Can YOLO pictures have a bounded box that covering the whole picture? - tensorflow

I wonder why YOLO pictures need to have a bounding box.
Assume that we are using Darknet. Each image need to have a corresponding .txt file with the same name as the image file. Inside the .txt file it need to be. It's the same for all YOLO frameworks that are using bounded boxes for labeling.
<object-class> <x> <y> <width> <height>
Where x, y, width, and height are relative to the image's width and height.
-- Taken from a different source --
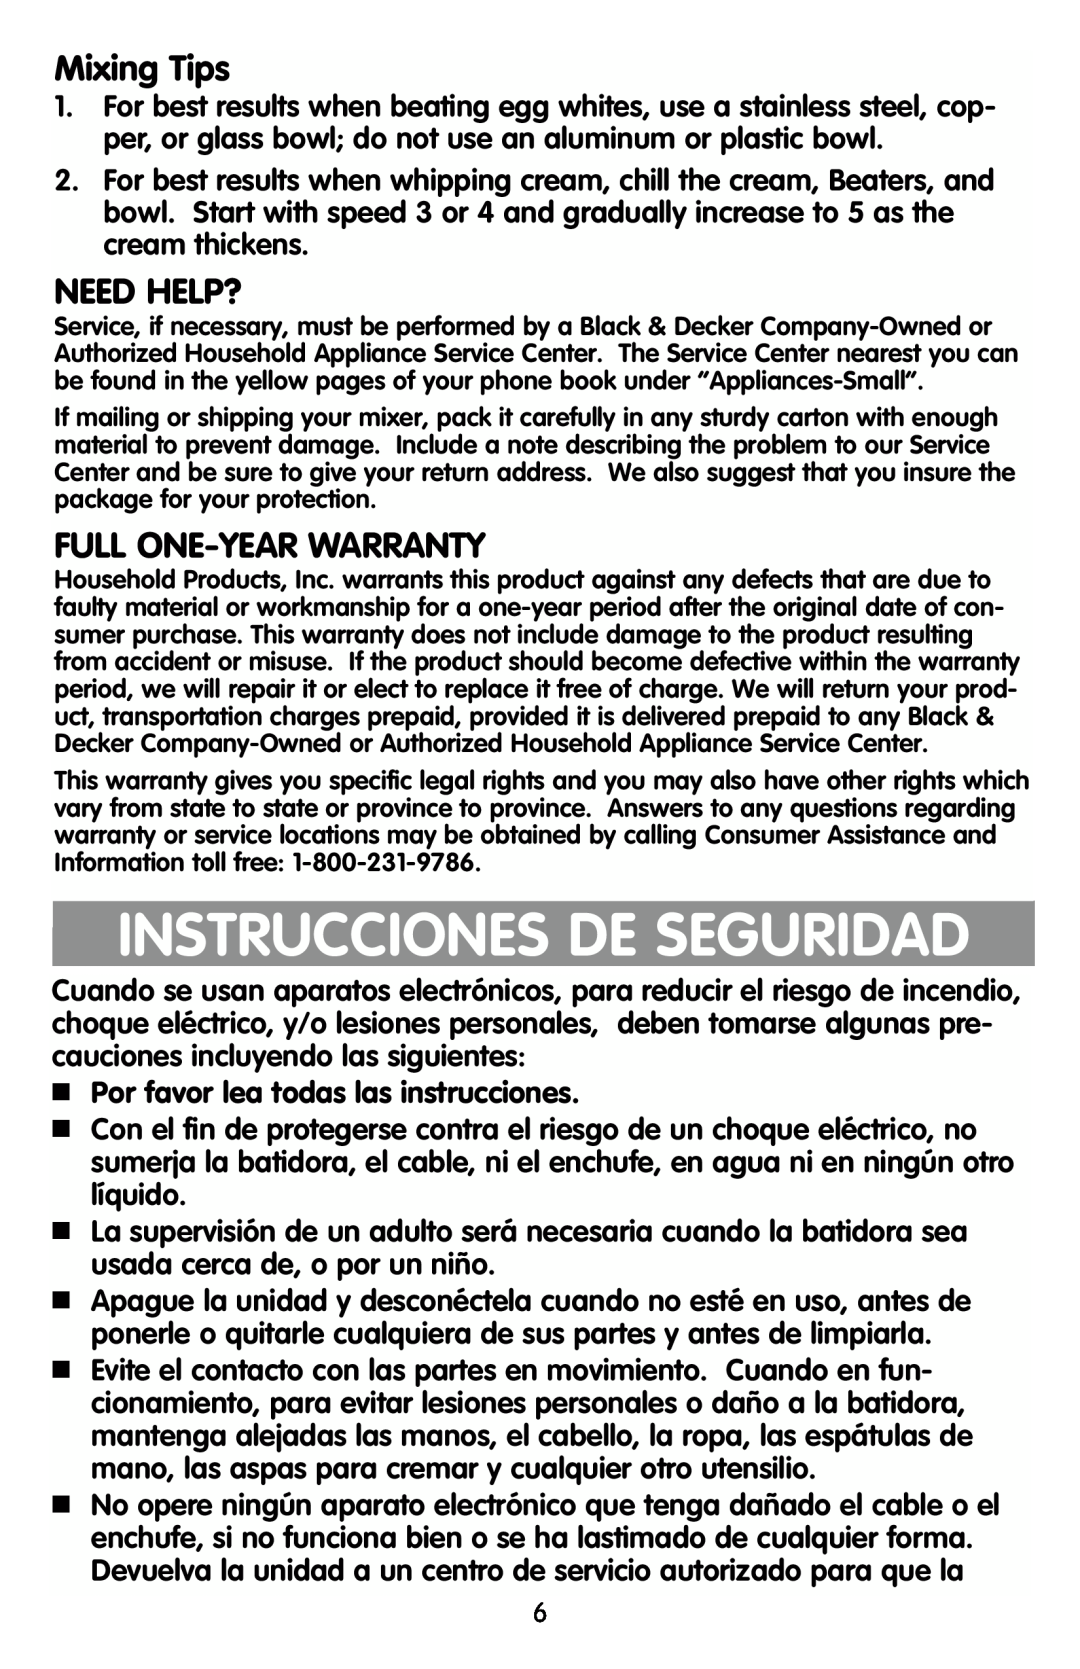 Black & Decker EHM90, EHM80 manual Instrucciones De Seguridad, Mixing Tips, Need Help?, Full One-Year Warranty

For exampel. If we goto this page and press YOLO Darknet TXT button and download the .zip file and then go to train folder. Then we can see a these files
IMG_0074_jpg.rf.64efe06bcd723dc66b0d071bfb47948a.jpg
IMG_0074_jpg.rf.64efe06bcd723dc66b0d071bfb47948a.txt
Where the .txt file looks like this
0 0.7055288461538461 0.6538461538461539 0.11658653846153846 0.4110576923076923
1 0.5913461538461539 0.3545673076923077 0.17307692307692307 0.6538461538461539
Every image has the size 416x416. This image looks like this:
My idéa is that every image should have one class. Only one class. And the image should taked with a camera like this.
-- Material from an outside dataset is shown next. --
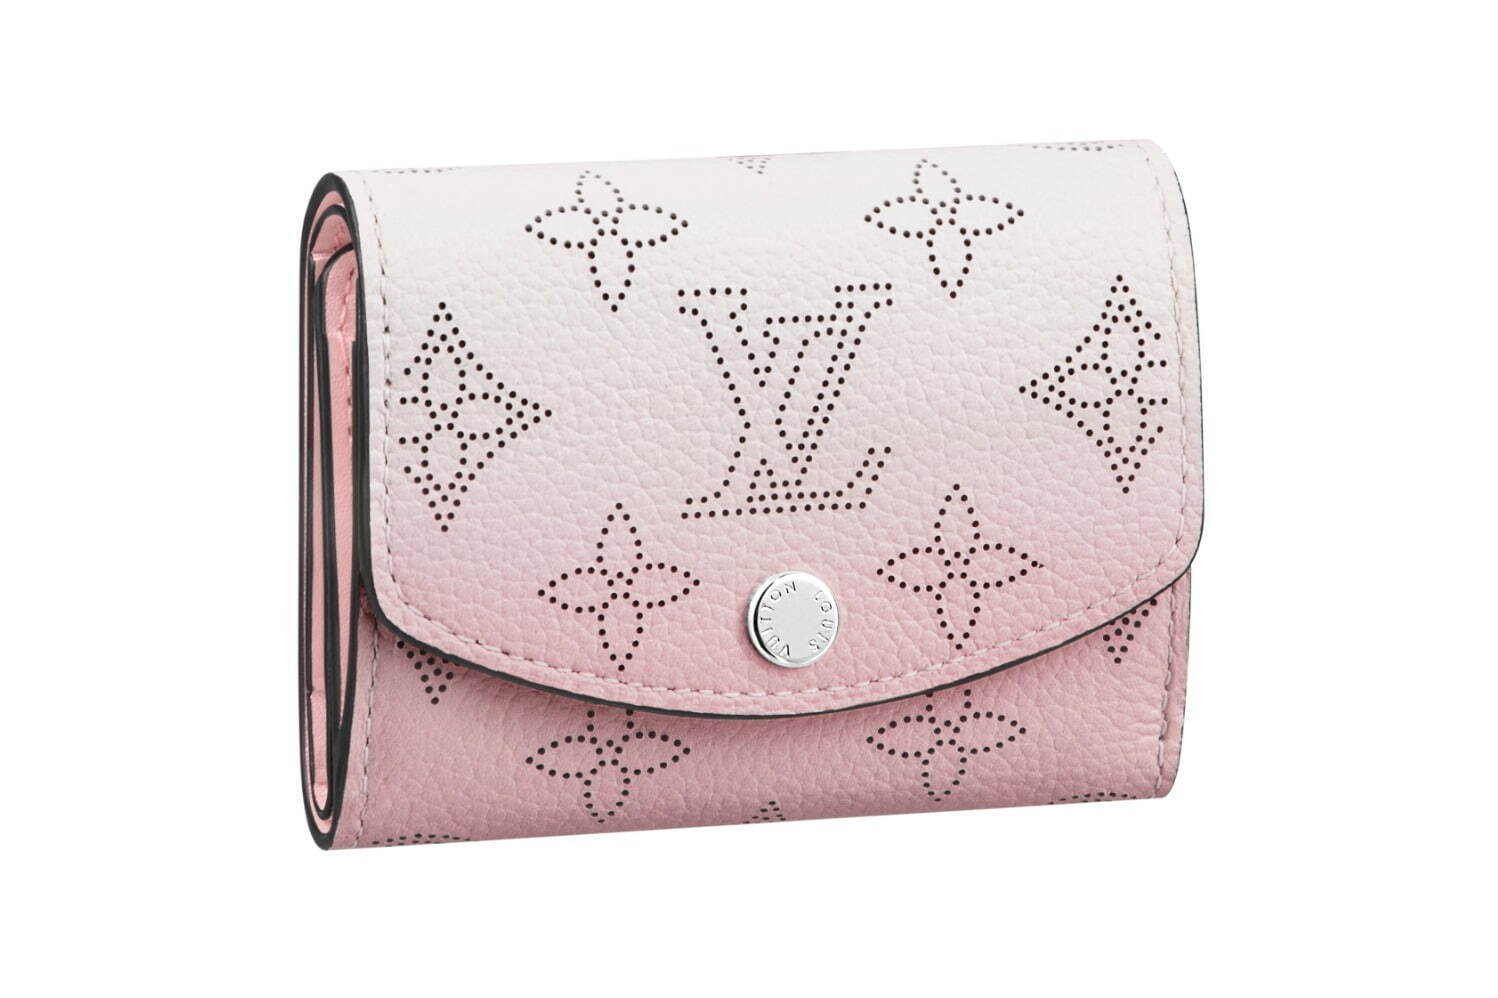 ルイ・ヴィトン“グラデーション”カラーのミニ財布、パステルピンク

This camera snap should been taked as:
Take camera snap
Cut the camera snap into desired size
Upscale it to square 416x416
Like this:
And then every .txt file that correspons for every image should look like this:
<object-class> 0 0 1 1
Question
Is this possible for e.g Darknet or other framework that are using bounded boxes to labeling the classes?
Instead of let the software e.g Darknet upscale the bounded boxes to 416x416 for every class object, then I should do it and change the .txt file to x = 0, y = 0, width = 1, height = 1 for every image that only having one class object.
Is that possible for me to create a traing set in that way and train with it?

Little disclaimer I have to say that I am not an expert on this, I am part of a project and we are using darknet so I had some time experimenting.
So if I understand it right you want to train with cropped single class images with full image sized bounding boxes.
It is possible to do it and I am using something like that but it is most likely not what you want.
Let me tell you about the problems and unexpected behaviour this method creates.
When you train with images that has full image size bounding boxes yolo can not make proper detection because while training it also learns the backgrounds and empty spaces of your dataset. More specifically objects on your training dataset has to be in the same context as your real life usage. If you train it with dog images on the jungle it won't do a good job of predicting dogs in house.
If you are only going to use it with classification you can still train it like this it still classifies fine but images that you are going to predict also should be like your training dataset, so by looking at your example if you train images like this cropped dog picture your model won't be able to classify the dog on the first image.
For a better example, in my case detection wasn't required. I am working with food images and I only predict the meal on the plate, so I trained with full image sized bboxes since every food has one class. It perfectly classifies the food but the bboxes are always predicted as full image.
So my understanding for the theory part of this, if you feed the network with only full image bboxes it learns that making the box as big as possible is results in less error rate so it optimizes that way, this is kind of wasting half of the algorithm but it works for me.
Also your images don't need to be 416x416 it resizes to that whatever size you give it, you can also change it from cfg file.
I have a code that makes full sized bboxes for all images in a directory if you want to try it fast.(It overrides existing annotations so be careful)
Finally boxes should be like this for them to be centered full size, x and y are center of the bbox it should be center/half of the image.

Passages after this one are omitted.